When the National Journal decided it was time for a redesign, the editorial team knew there were some things they had to let go. With their successful website platform now handling some of the more immediate and timely pieces, the magazine had to find the right balance between breaking news and lasting story.
The redesign is done in context with this new reality. They are aware that digital has not made print obsolete, but that it does require a deeper understand of what print is really, really good at. And it is here that they began their redesign.
“A print magazine, we believe, is for narrative writing that is beautifully crafted and deeply reported. It’s for journalism that takes big ideas seriously,” writes National Journal’s Richard Just.
“It’s for long pieces that feel short because they’re truly fun to read. It’s for telling stories that are complicated and nuanced—as almost all stories worth knowing are. It’s for describing the characters, famous or unknown, who shape American democracy—and for understanding their agendas, their motivations, their flaws, their strengths.

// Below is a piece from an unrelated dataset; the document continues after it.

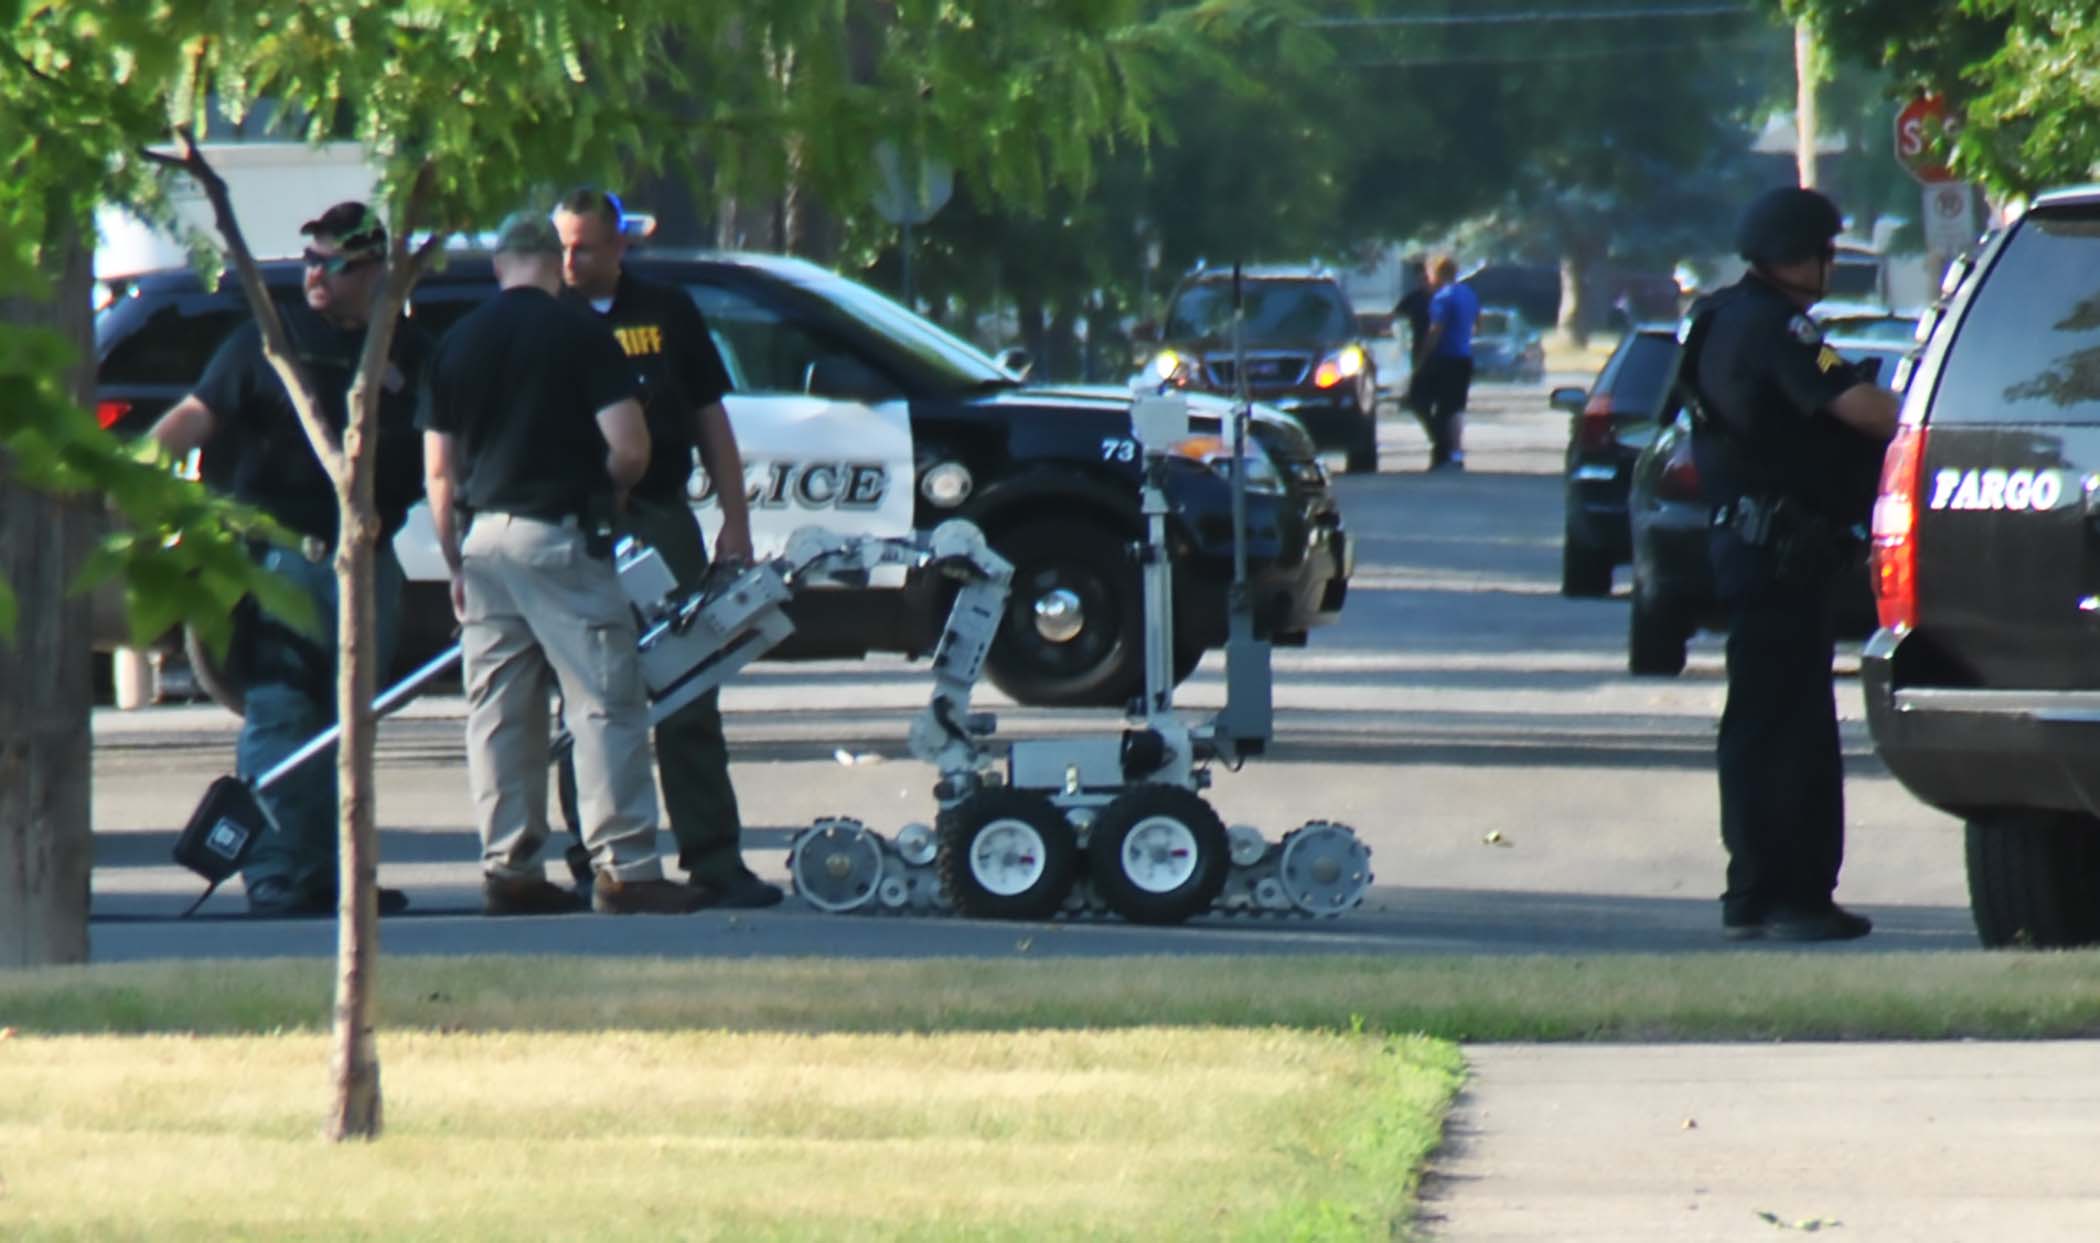 Police robot coming out of the apartment - photo by C.S. Hagen
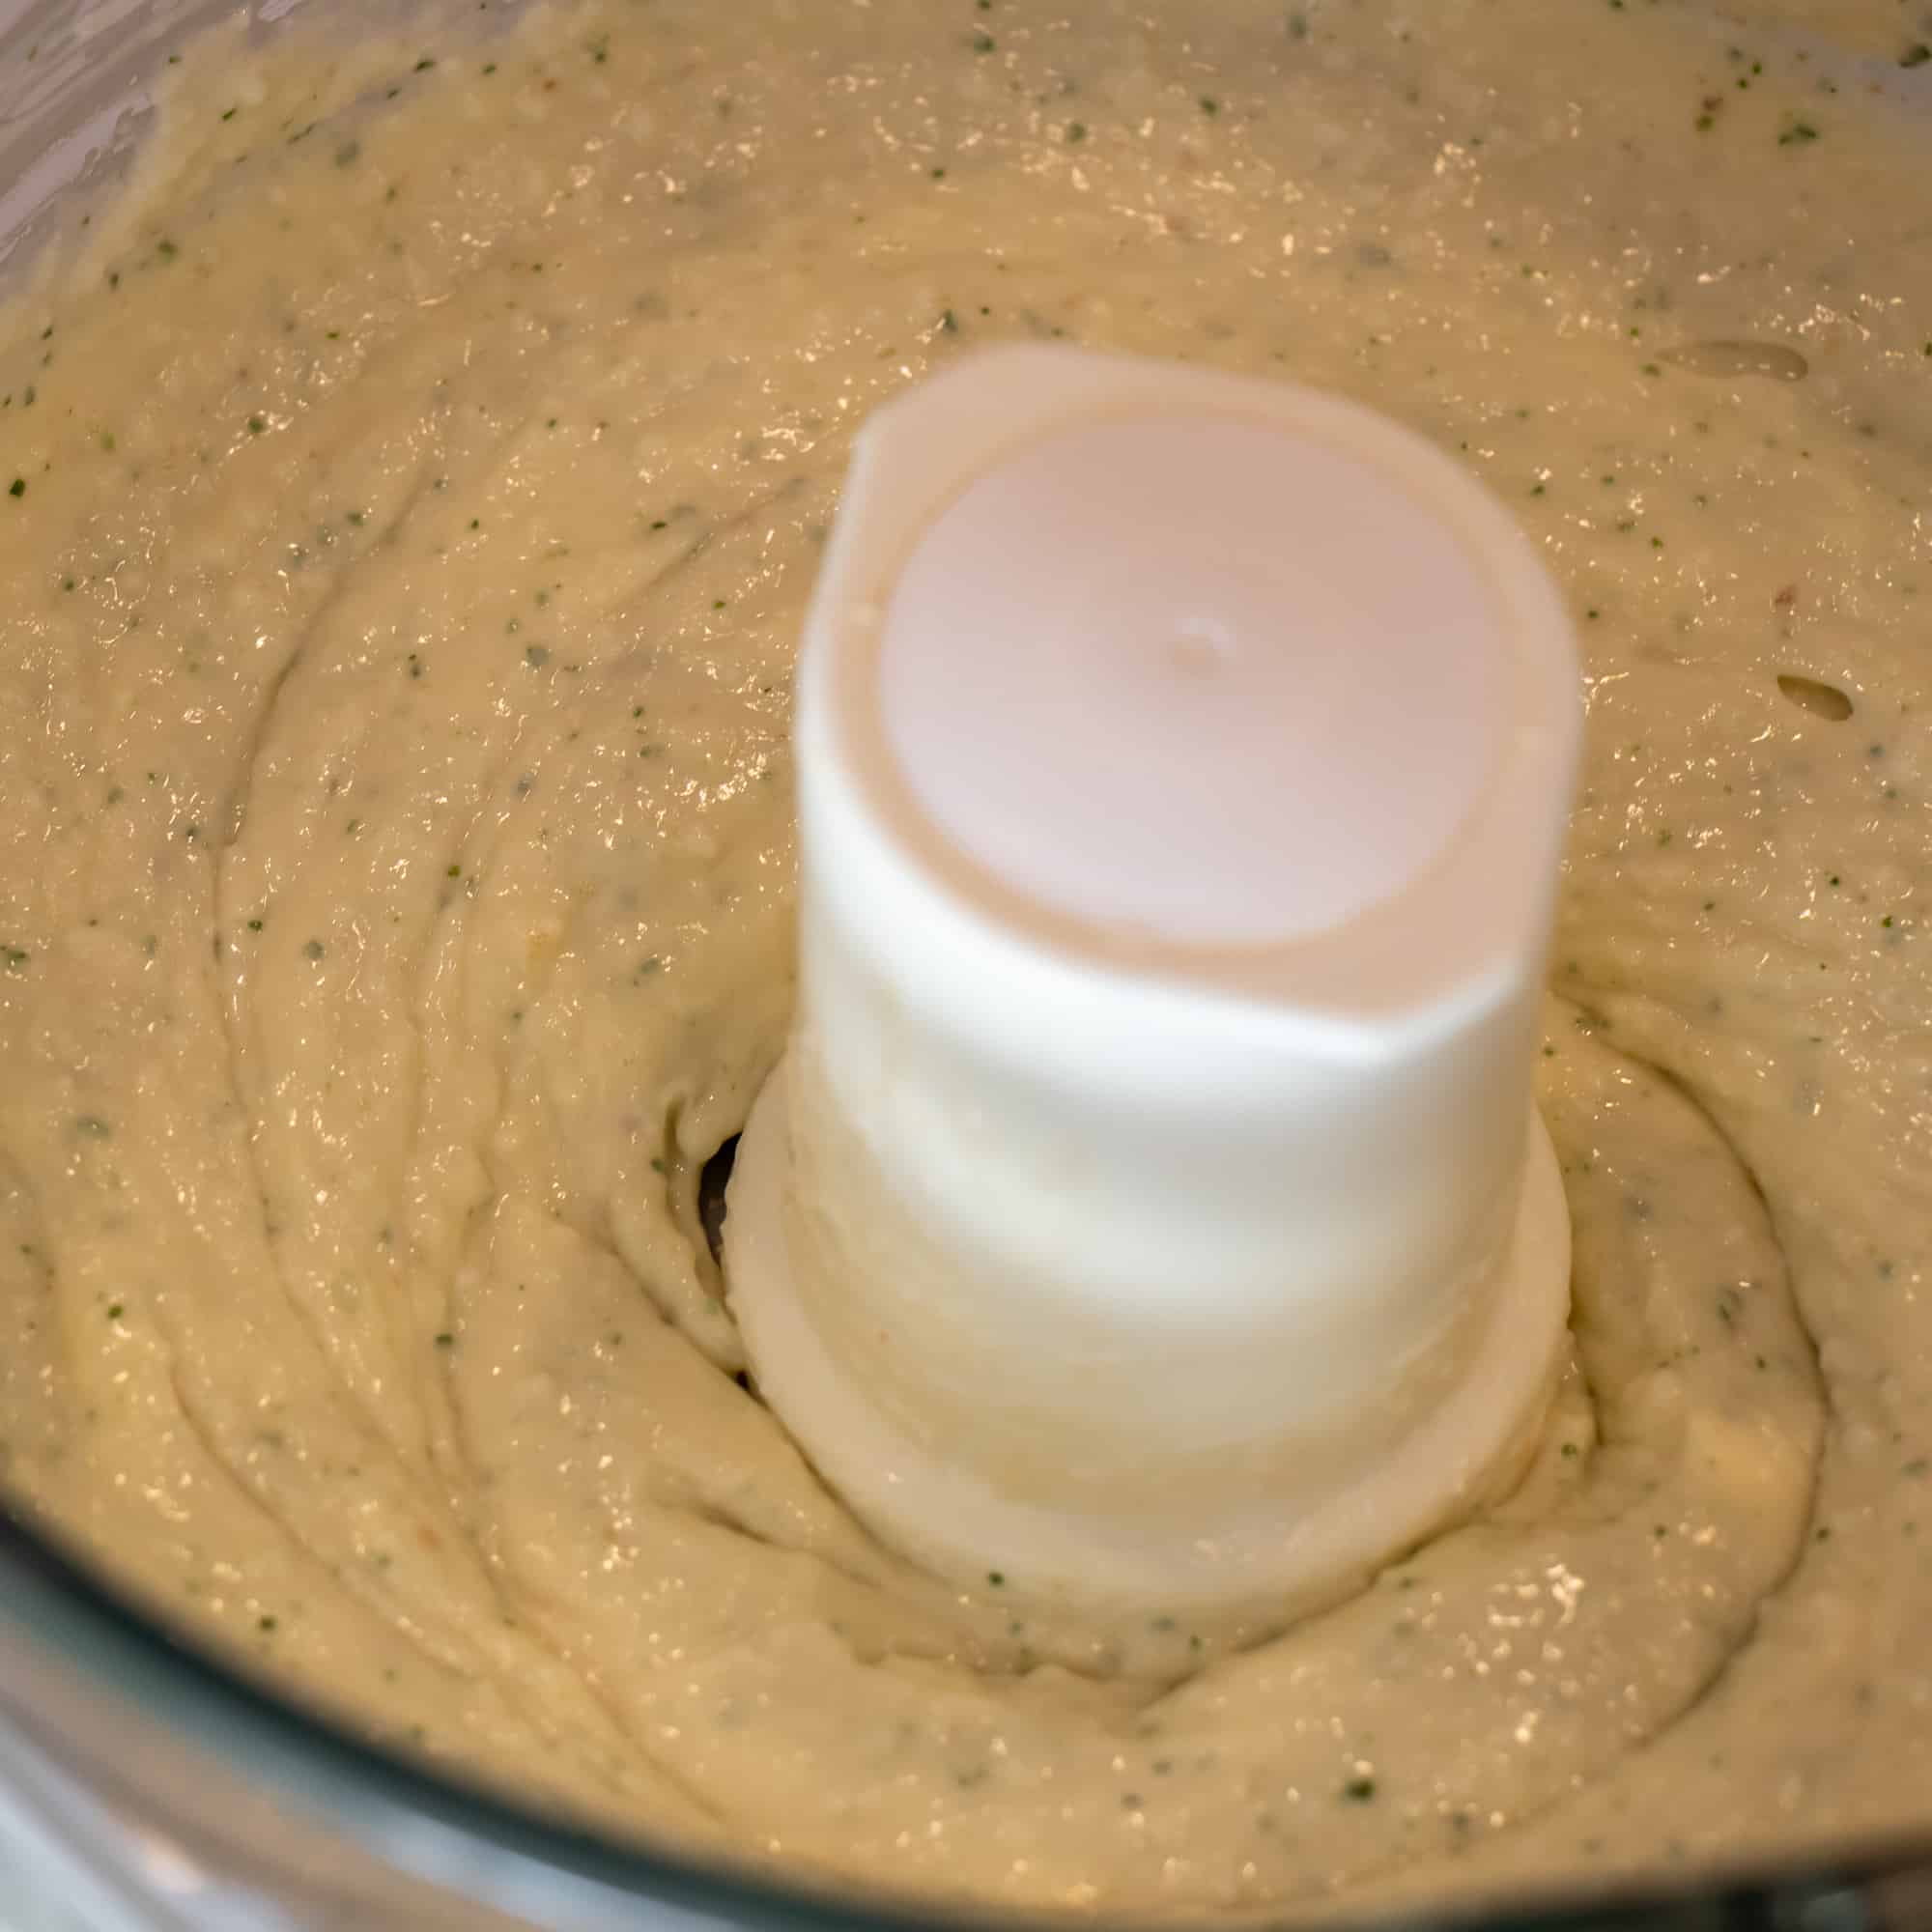 Blend the dip in a food processor or blender until smooth and creamy.

It’s for publishing established, brilliant writers, and also for discovering the next generation of storytelling stars.
In a political landscape full of sound bites and silly memes, this kind of in-depth journalism — sans bias, intelligently told and well-crafted — is more necessary than ever. It’s the kind of journalism that demands attention and space, and print is the proper vehicle for these stories, Just believes.
“Finally, we believe that essential to the experience of reading a great print magazine is a beautiful design—elegant fonts, striking illustrations, excellent photography,” Just continues.
The magazine’s new look is modern, sleek and rich, managing to be intellectually intriguing and emotionally accessible at the same time. And the writing, as always, is impeccable. It’s a fantastic reimagining of a much-needed resource for any educated voter in this country.